THE MANILA OBSERVATORY
The street running past the Escuela Normal was a one time called Calle del Observatorio and later Padre Faura Street.  This was appropriate, for the Escuela Normal property was shared by another Jesuit institution, the Manila Observatory, of which Father Federico Faura was the first director.  The beginnings of the Observatory go back to 1865, when two scholastics of the Escuela Municipal , Francisco Colina and Jaime Nonell, published in a local paper observations on a typhoon which had recently passed near the city.  The observations were taken by Colina with some meteorological instruments which he had put together himself.  They suggested the possibility that the approach of a typhoon might be forecast in time to save lives and property.  The interest of the business community of Manila was aroused and enough money was subscribed to purchase the universal meteorograph, a continuously recording instrument designed by the Italian Jesuit, Father Angelo Secchi.

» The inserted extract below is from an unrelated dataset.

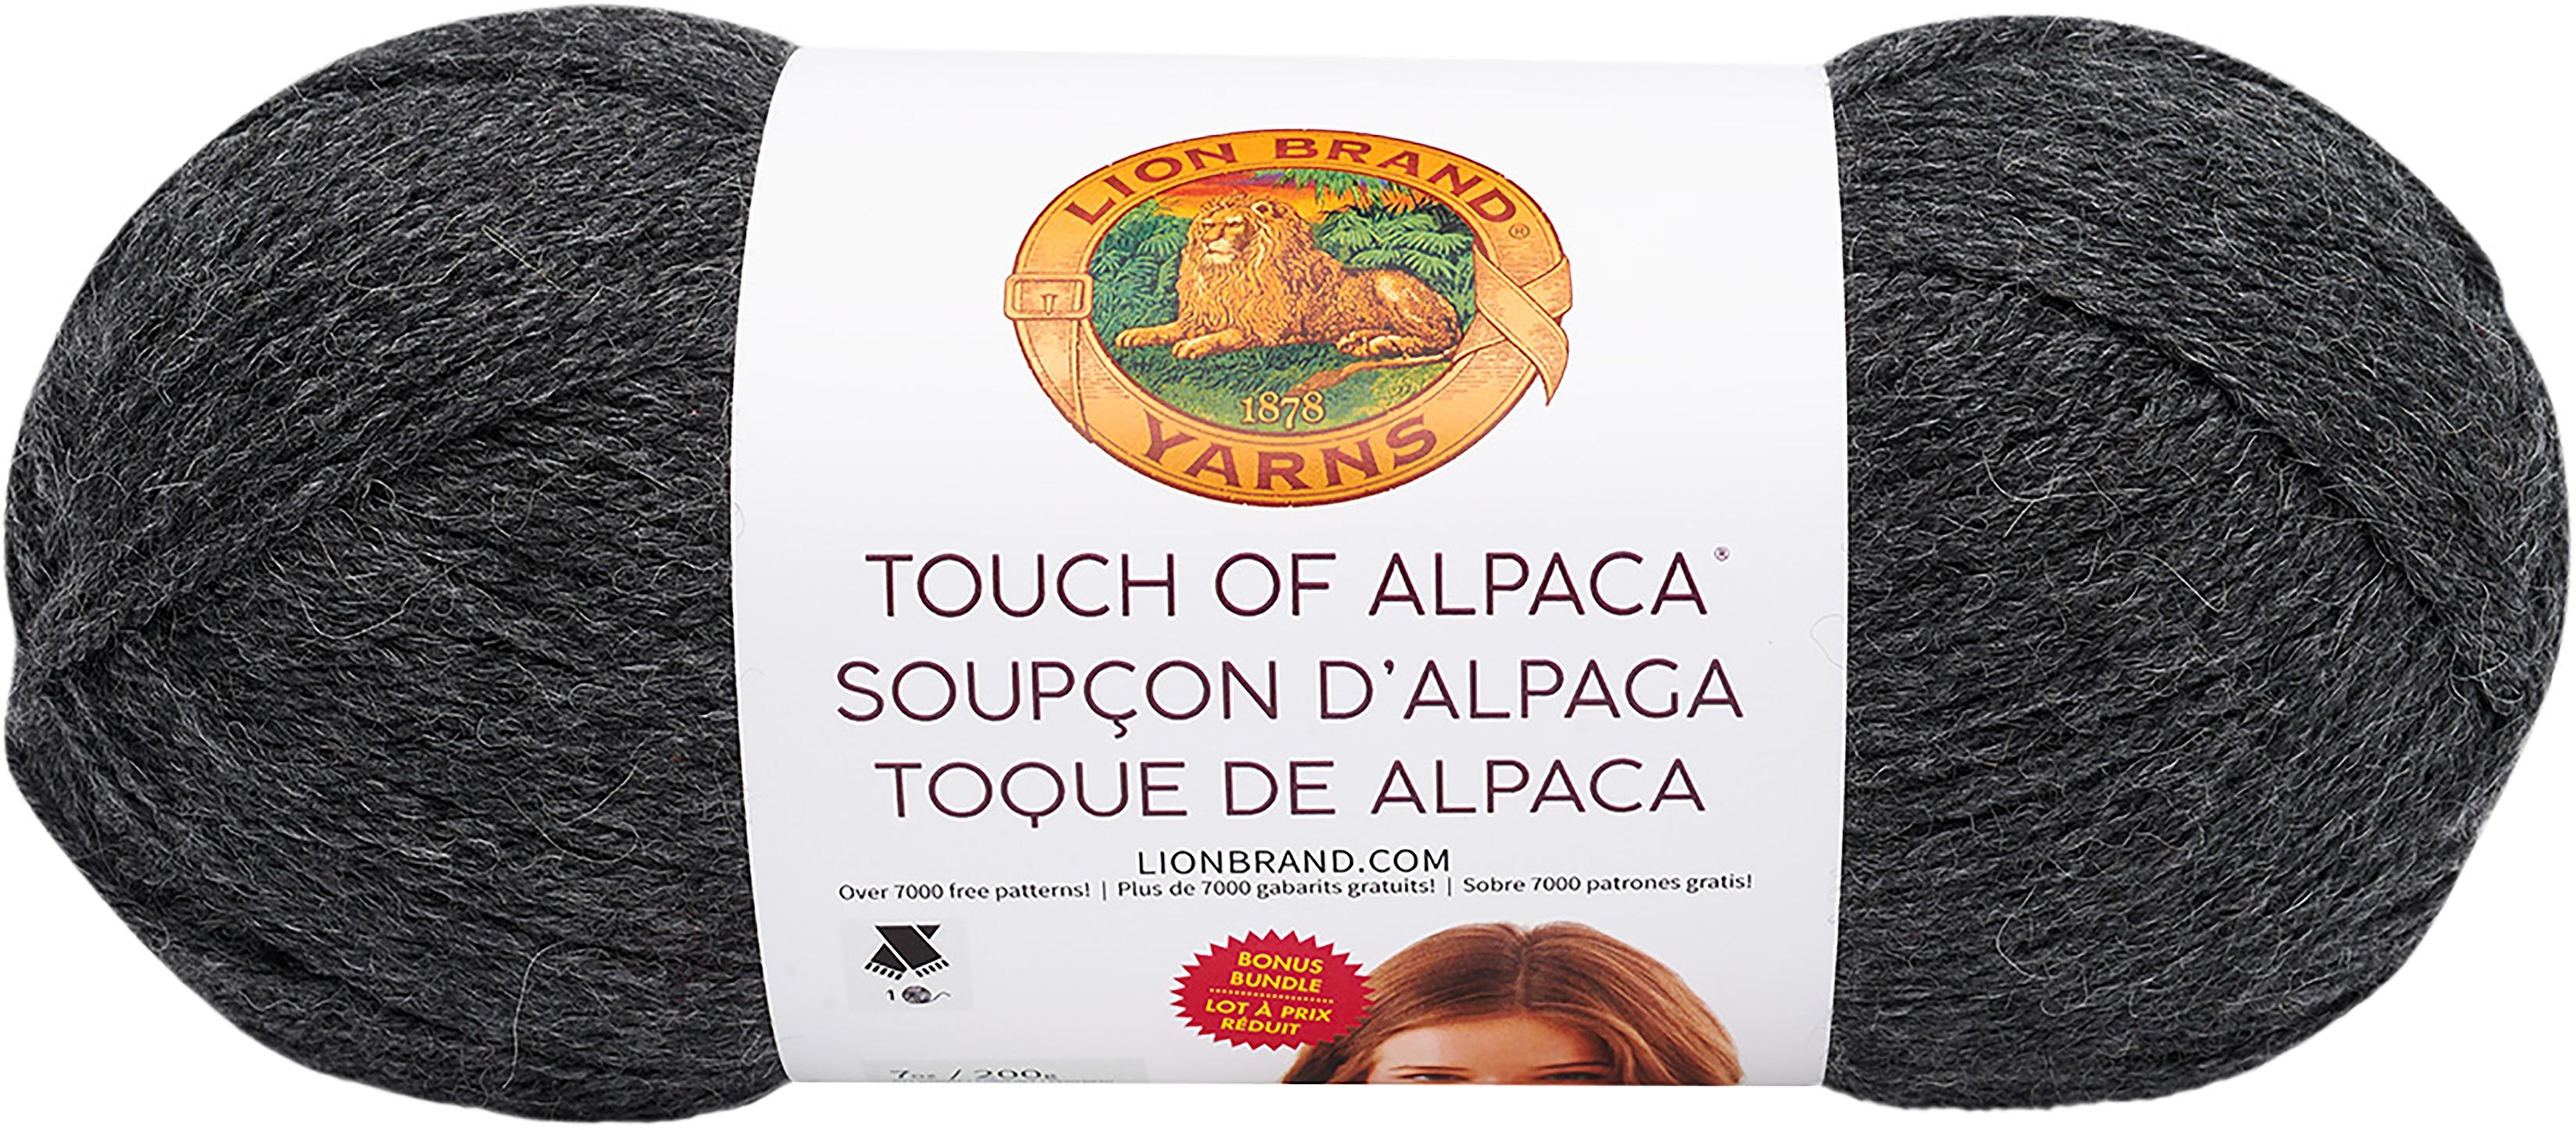 Lion Brand Touch Of Alpaca Bonus Bundle Yarn

When the metorograph arrived, it was assembled and operated by another scholastic interested in scientific work, Federico Faura.  After completing his theoloical studies, Father Faura worked for a time in the Jesuit observatories at Stonyhurst and Rome.  He returned to the Philippines in 1878 as director of the Manila Observatory, a post which he held until his death in 1897.  In 1879 he issued his first typhoon warning.  These warnings became a regular and valued service of the Observatory thereafter.  To extend the scope and increase the accuracy of the service, the Spanish government in 1884 made the Observatory a state institution with a network of subsidiary stations throughout the archipelago.  A seismic section was added to the Observatory in 1880, a magnetic section in 1887, and an astronomical section in 1899.